The task.
Give back the full listing as written. No pictures go with it.

━━━ Information shown ━━━

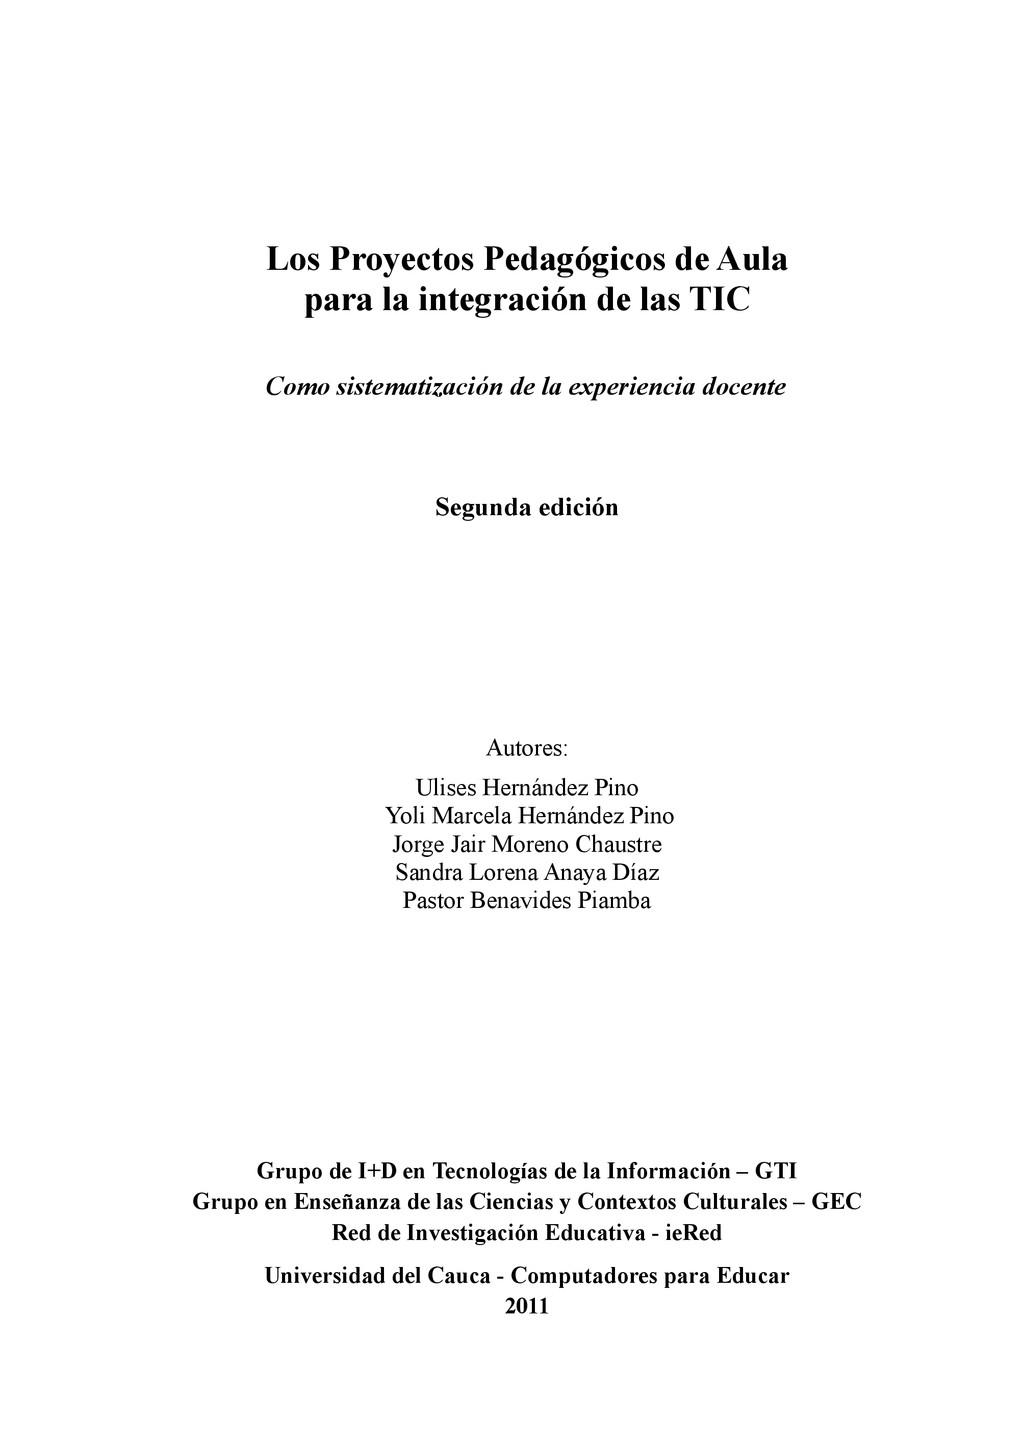 Los Proyectos Pedagógicos de Aula para la integ...
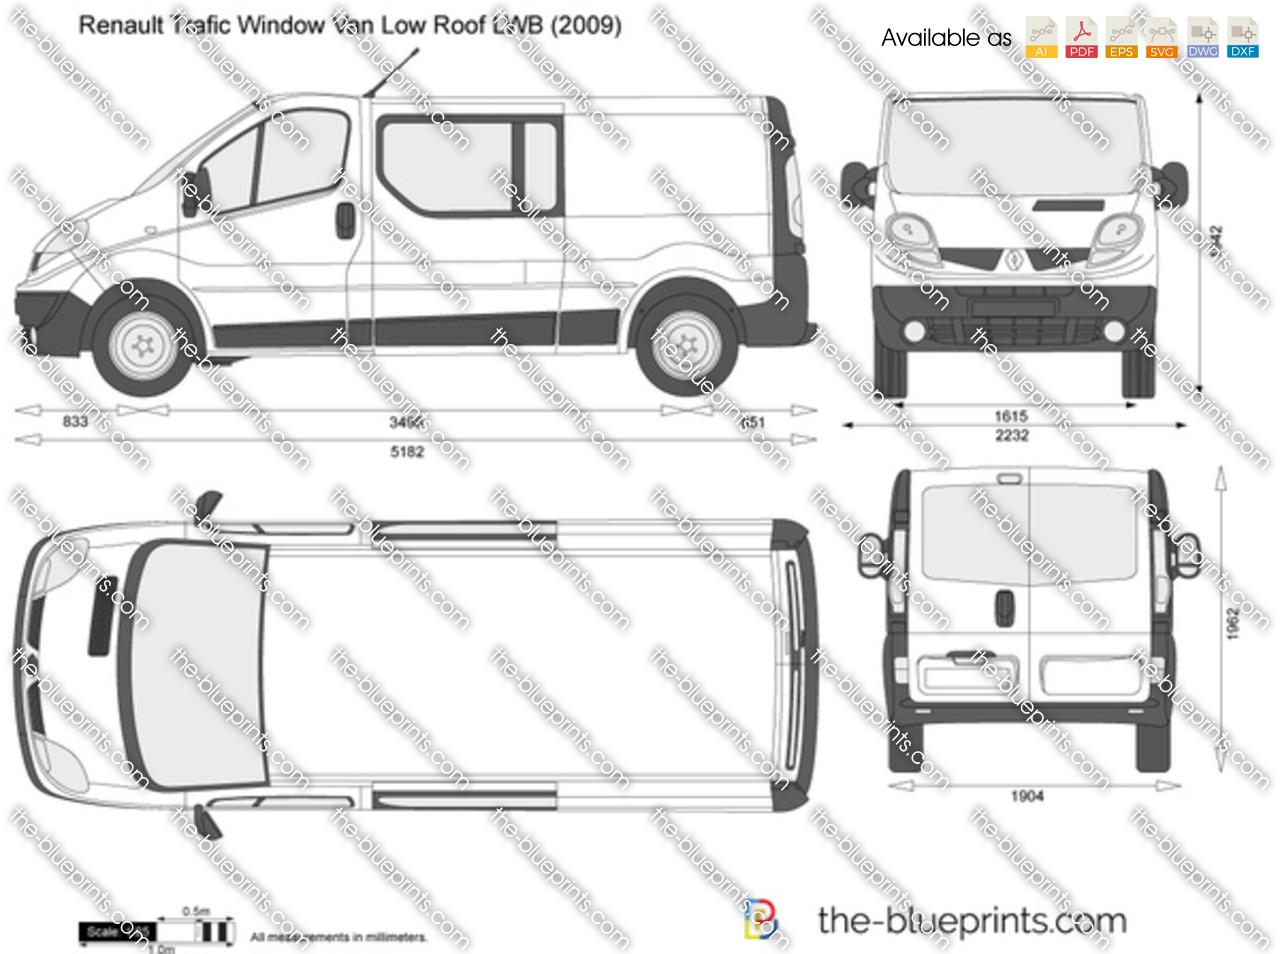 Renault Trafic Window Van Low Roof LWB 2001
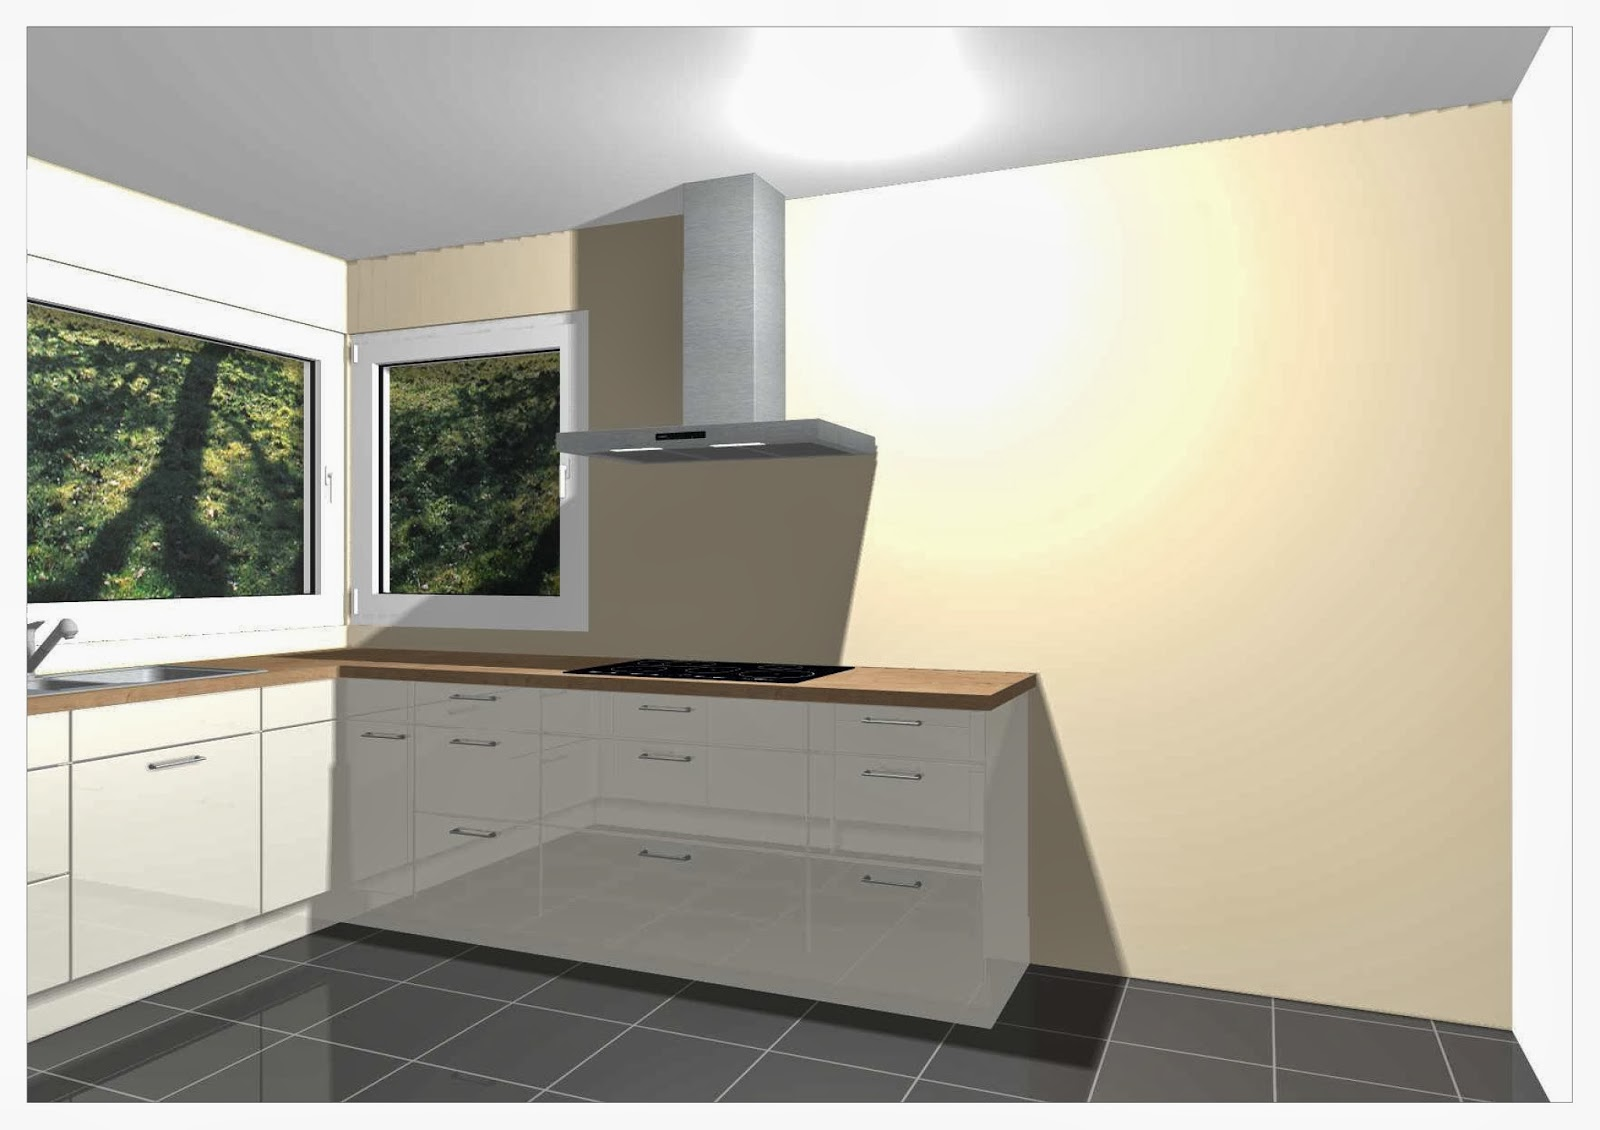 tcm bauen ein haus unsere k che ist fertig. Black Bedroom Furniture Sets. Home Design Ideas
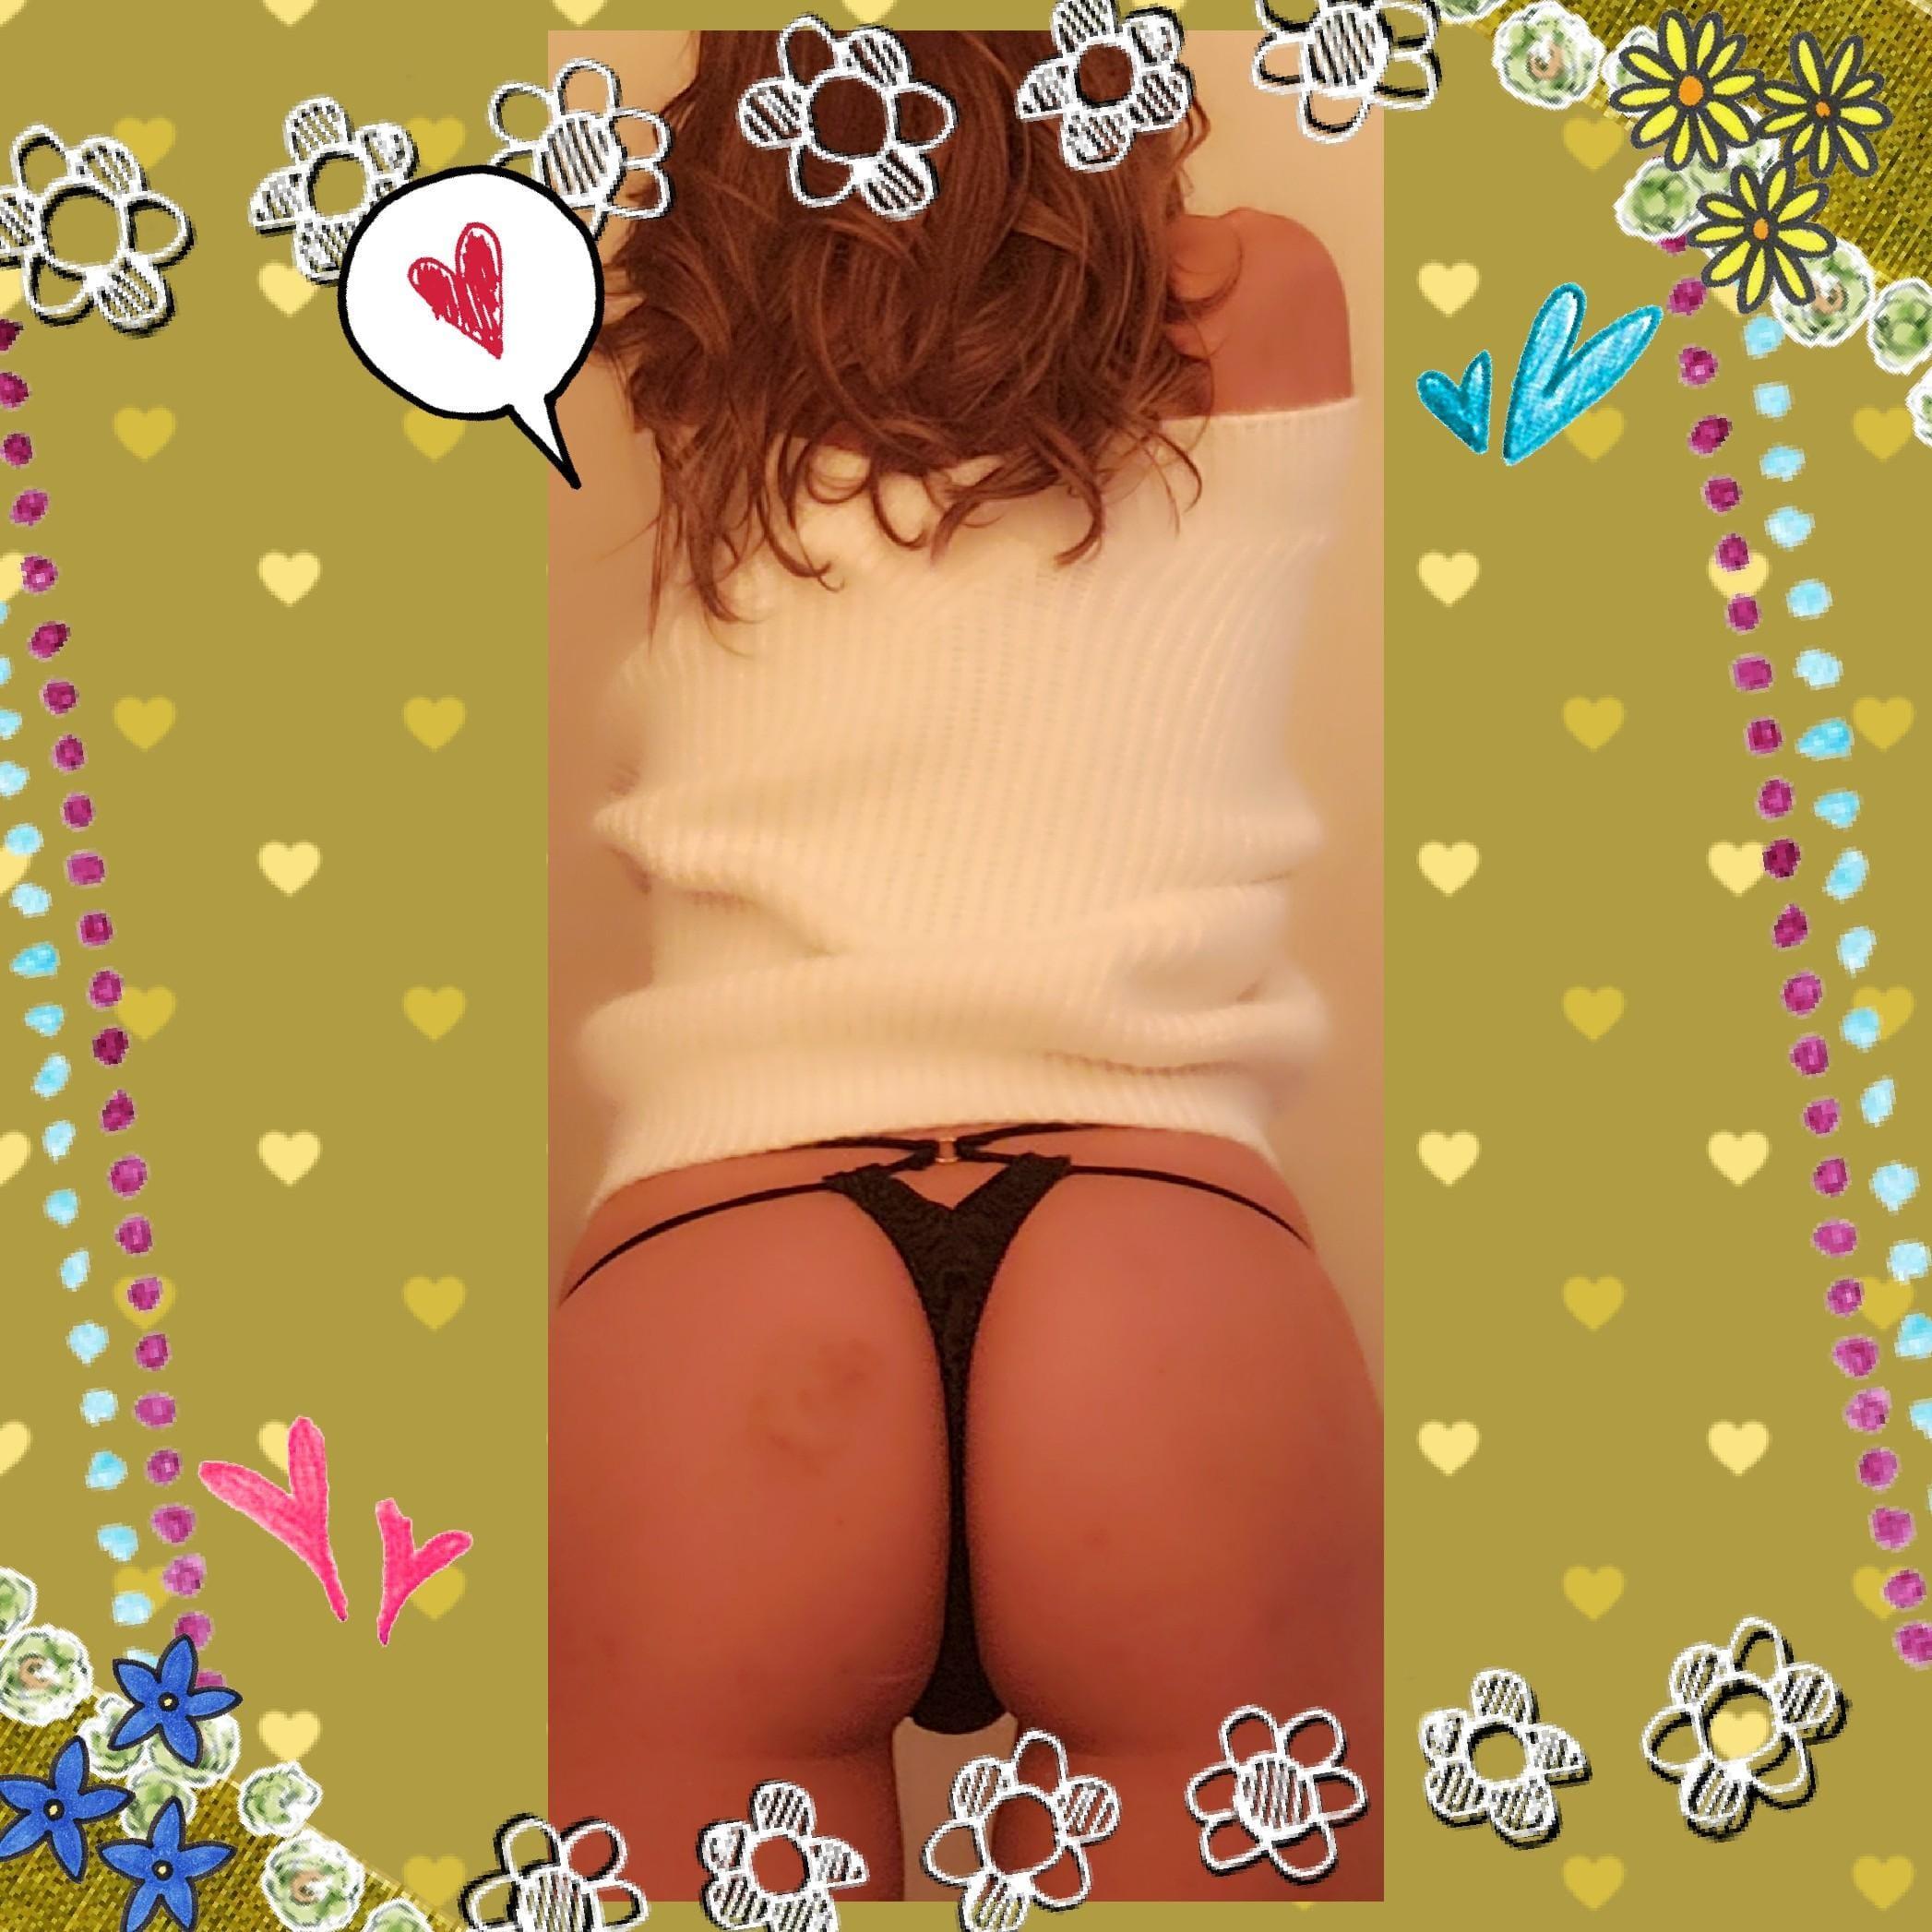 「朝から…♡」12/16日(日) 05:48 | じゅりの写メ・風俗動画

━━━

Solution.
 Los Proyectos Pedagógicos de Aula para la integ...
 Renault Trafic Window Van Low Roof LWB 2001
 tcm bauen ein haus unsere k che ist fertig. Black Bedroom Furniture Sets. Home Design Ideas
 「朝から…♡」12/16日(日) 05:48 | じゅりの写メ・風俗動画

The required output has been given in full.